One month after the onset of symptoms, during the second ophthalmology evaluation, the visual acuity of the right eye was 20/200 and of the left eye, 20/30, with biomicroscopy of the right eye that showed grade 2 vitreous hemorrhages and subhyaloid hemorrhage with temporary exsanguinated vessels in the inferior nasal quadrant in the periphery, pale colored macula with exsanguinated vessel in the inferior temporal arch, and difficult detail of the papilla. The subhyaloid hemorrhage also presented with temporary intraretinal hemorrhages, so a possible infectious etiology was considered; management was initiated with Aciclovir at the doses described above.

In October 2017, an ocular ultrasound showed severe low and medium reflectivity vitreous opacities with denser membrane formation in the lower quadrants, posterior vitreous detachment with inferior traction and severe subhyaloid opacities; the head of the optic nerve had normal appearance, so a picture compatible with severe vitritis, mixed opacities suggestive of bleeding areas, and inferior traction of the retina was considered.

Because of the reported changes, the patient was taken to subsequent vitrectomy with endolaser plus air for diagnostic purposes in order to take samples for PCR (polymerase chain reaction), cytomegalovirus (CMV), herpesvirus and EBV processing, by means of the LightMix technique using primers for EBV and specific probes. 10 copies of the amplified gene were obtained, being positive from cycle 31.4, which led to consider the sample as positive for EBV. No intravitreal treatment was provided. The remaining results are shown in Table 1.

Table 1 Vitreous humor tests using the PCR technique.

PCR: polymerase chain reaction; EBV: Epstein-Barr virus; CMV: cytomegalovirus.

Source: Own elaboration.

In November 2017, different tests were carried out to rule out immunodeficiency disorders or other concomitant conditions that explained the symptomatology, but they were negative (Table 2).

Table 2 Blood tests.

CMV: cytomegalovirus; HIV: human immunodeficiency virus.

Source: Own elaboration.

Also in November 2017, fluorescein angiography of both eyes was performed (Figure 1), which showed mild media opacity in the right eye, poorly defined optic disc, fibrovascular proliferation in the optic disc area and the lower area, adequate filling and transit of the dye through retinal vessels since the beginning, with hyperfluorescence observed in the optic disc that increased as the angiographic transit progressed. Given the findings, a treated viral vasculitis was considered with secondary viral neovascularization and persistence of proliferative activity with suspicion of diffuse macular edema, the latter according to the reading of the retina specialist.

Source: Document obtained during the study.

Figure 1 Findings of fluorescein angiography in the right eye. → Fibrovascular proliferation in the area of the optical disc and in the lower area.

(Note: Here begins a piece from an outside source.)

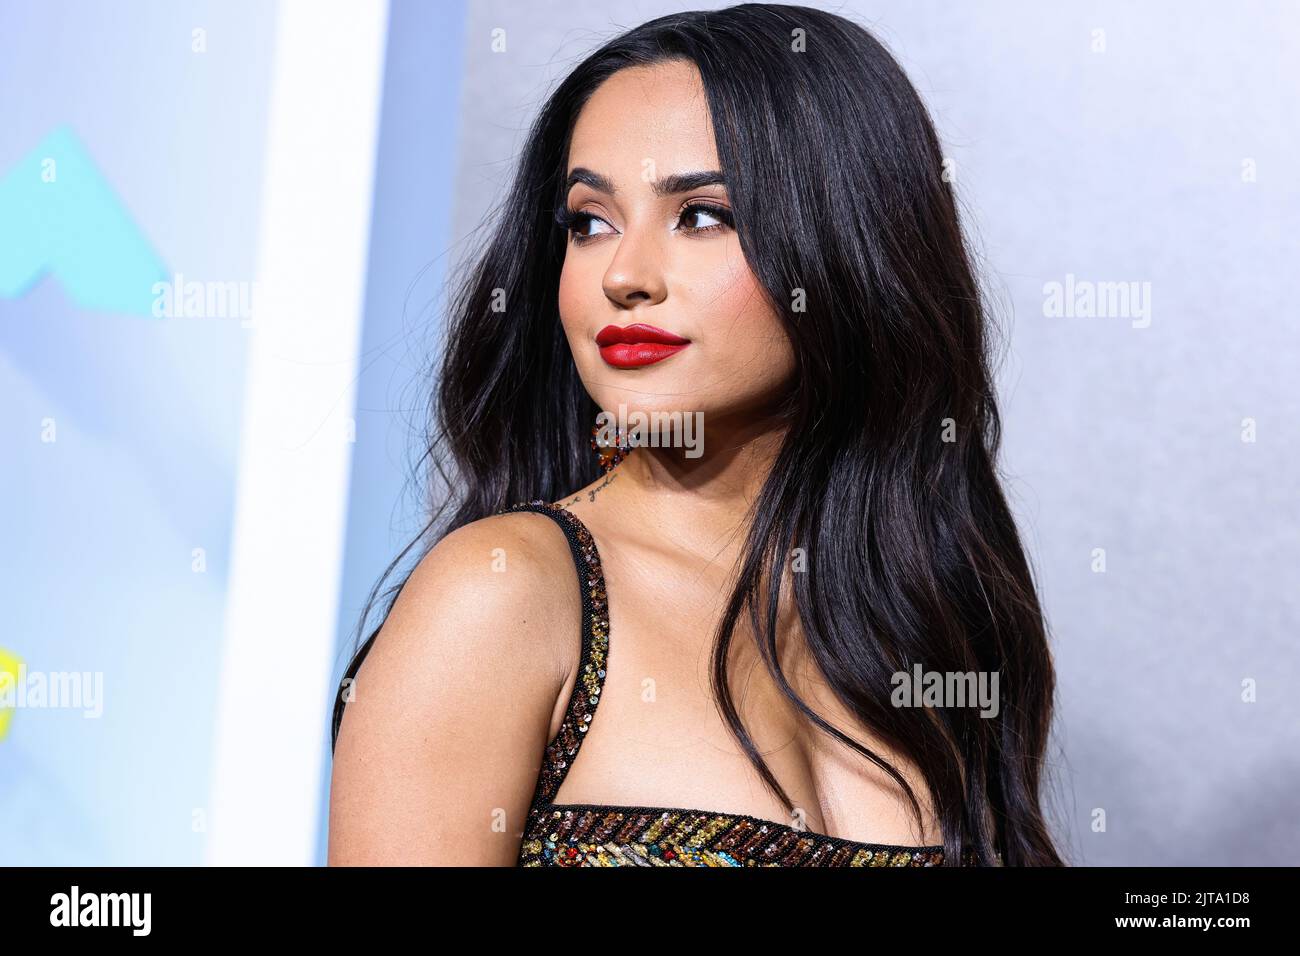 NEWARK, NEW JERSEY, USA - AUGUST 28: Becky G arrives at the 2022 MTV Video Music Awards held at the Prudential Center on August 28, 2022 in Newark, New Jersey, USA. (Photo by Xavier Collin/Image Press Agency) Stock Photo

Finally, the patient was followed by the Infectious Diseases Service on a monthly basis from December 2017 to February 2018. The evolution was satisfactory, so management with Aciclovir was suspended after almost 6 months of treatment. The young man presented complete resolution of right eye symptoms with evolution of visual acuity to 20/40 with respect to initial values of 20/400. This case was considered as retinal vasculitis by EBV with adequate therapeutic response to Acyclovir despite having few literature data on doses and duration of management. This could be the first case reported in Colombia so far.

DISCUSSION

This paper reports a case of unilateral retinal vasculitis due to EBV in an immunocompetent young adult, who was successfully treated with Acyclovir for 6 months with complete resolution of symptoms and almost complete improvement of visual acuity. In spite of having insufficient initial doses of the drug, almost complete resolution of the symptoms was achieved after the adjustment.

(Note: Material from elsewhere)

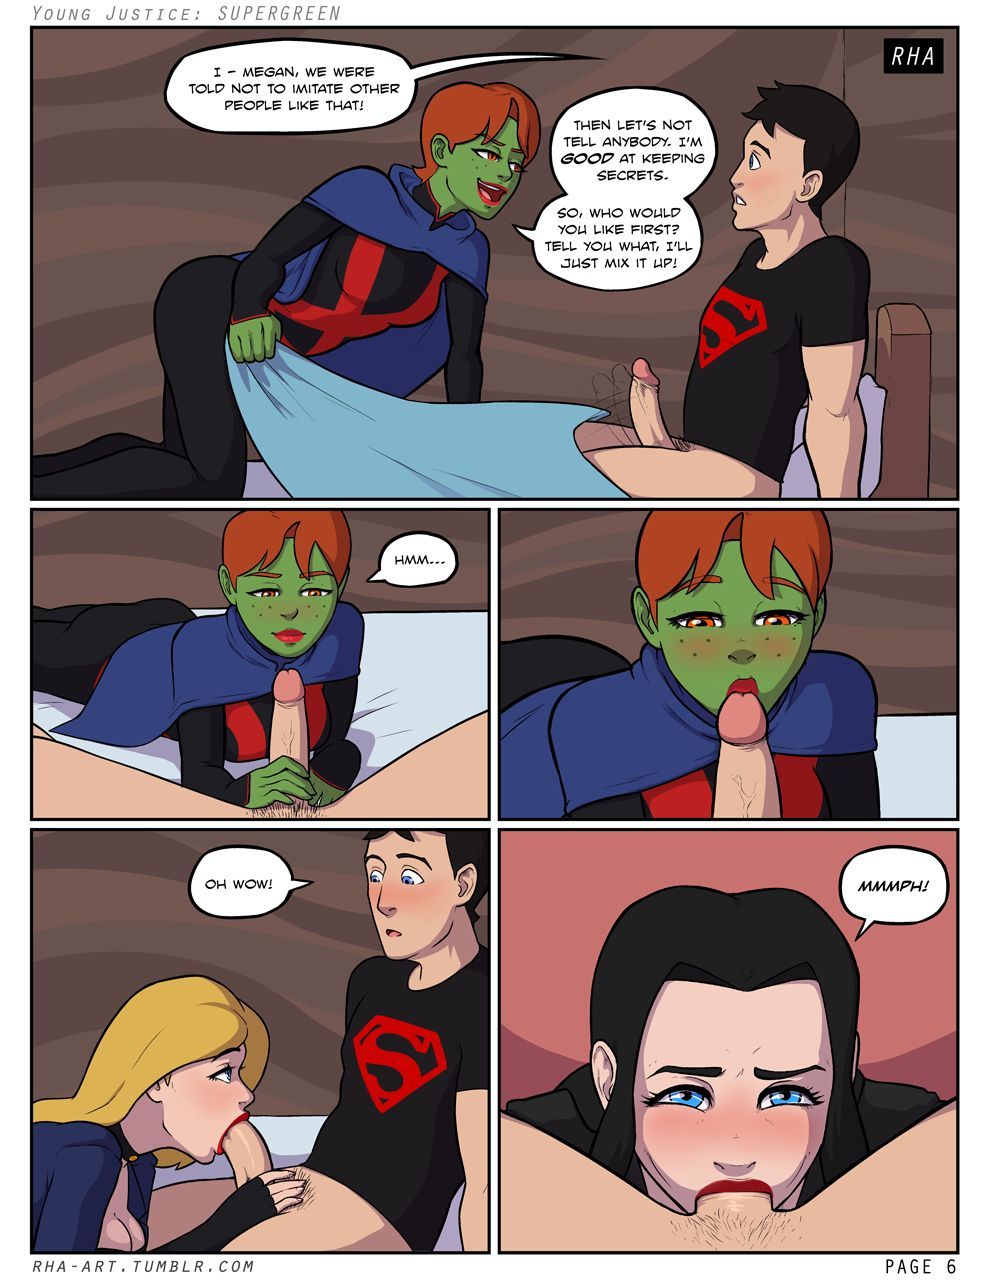 Supergreen young justice porn comic

The cases previously described in the literature on EBV retinitis only describe inflammation of the posterior pole, which contrasts with the reported case of generalized vasculitis of the eye with retinal detachment. This symptomatology is not an ocular manifestation of this virus as frequent as the involvement of the anterior chamber. ⁵^-⁸ It is important to point out that this is a young patient without HIV infection, condition that is closely related to severe ocular involvement.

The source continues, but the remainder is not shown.